I don't know any good eye docs, but that is exactly how mine started to go. At about 36 it was 20/10, 20/15, 20/20 and now (at 42) 20/30 and hard to focus. I now have a set of glasses that helps, but they are wanting to put me in bifocals next. Really sucks.
 
I would like to say thanks for the "IN" sight, but I don't look forward to getting older.

Well getting older is better than the alternative... I know what ya mean though. I was born 9 weeks early and due to the oxygen that I recieved as an infant my eye sight has been a problem my entire life. I am near sighted but without my glasses I cant read the words Im typing on the computer. My eye sight has started to stabalize and I am working on getting laser surgery.
 
As a semi-relevant side note, in Russia, one is actually required to pass an examination by an eye doctor before they're allowed to own a gun.

...A ton of other restrictions apply as well.
 
As a semi-relevant side note, in Russia, one is actually required to pass an examination by an eye doctor before they're allowed to own a gun.
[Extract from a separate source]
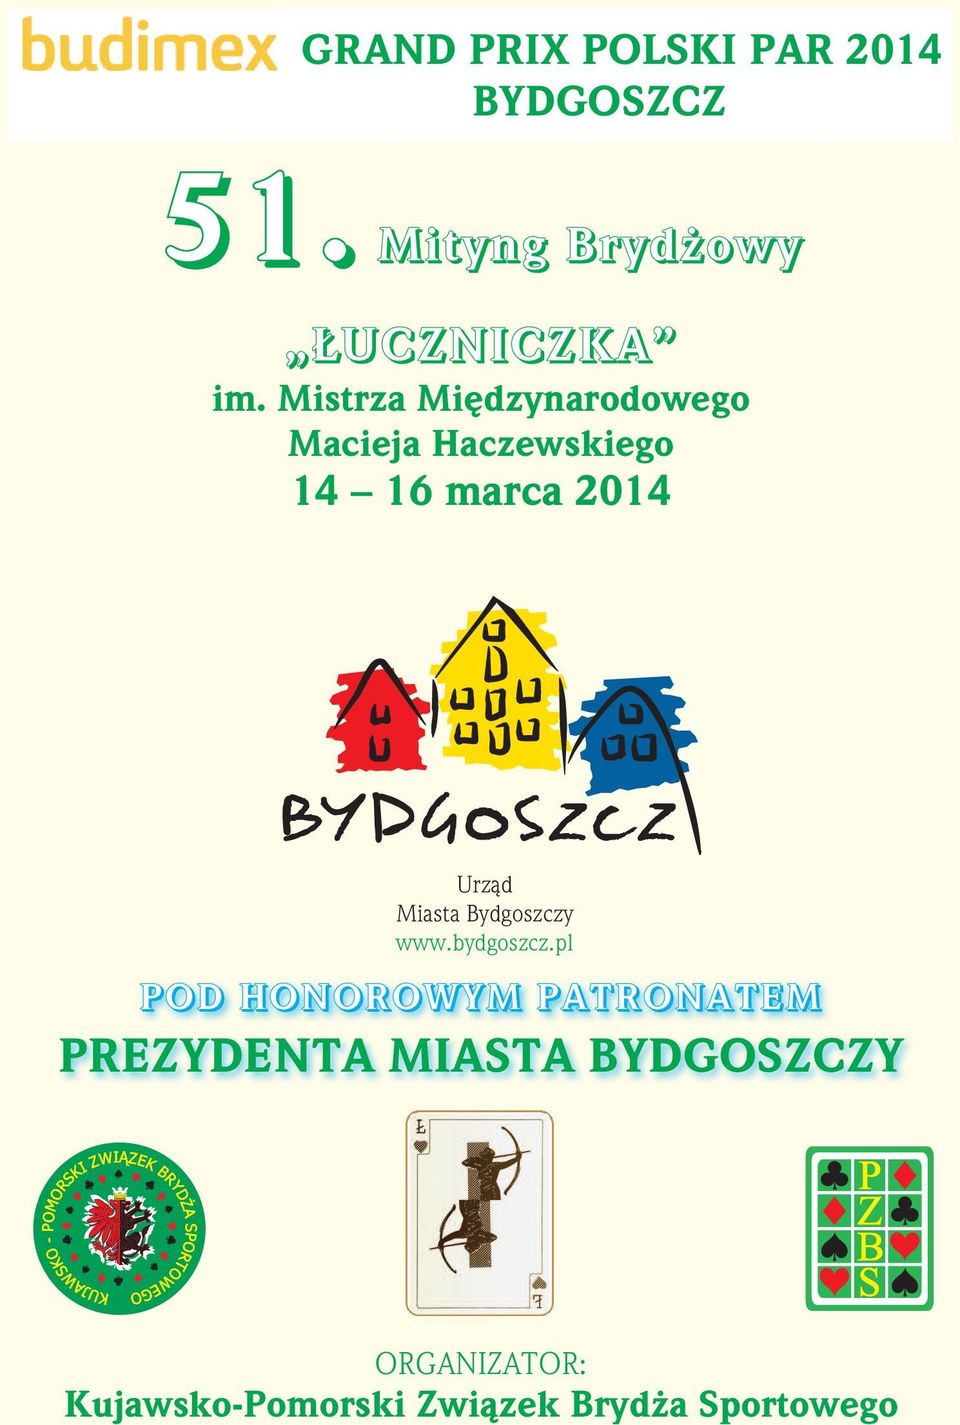 Miasta Bydgoszczy www.bydgoszcz.

...A ton of other restrictions apply as well.

Then again, I bet bribing the clerk for a gun license there costs less than a CHL does here.
 
Then again, I bet bribing the clerk for a gun license there costs less than a CHL does here.

Oh, you'd think so, but it's more complicated than that! You also have to get a criminal and psychological background check, provide evidence that you have a secure, lockable way to store the gun in your home, you must also be an active member of an officially recognized hunting club if it's a long gun, so that's either a lot of paperwork and hoop-jumping or bribes really add up, and then you may run into the misfortune that somewhere in the process is an honest and ethical person and you'll get declined. In practice, I believe most people do get declined. Handgun ownership isn't allowed at all, except by those who were given one as an award for military service.

But now we're straying from the topic at hand. To bring it all back, I guess, be glad that here the eye doctors can help you see well enough to shoot, rather than deciding whether or not you get that right at all.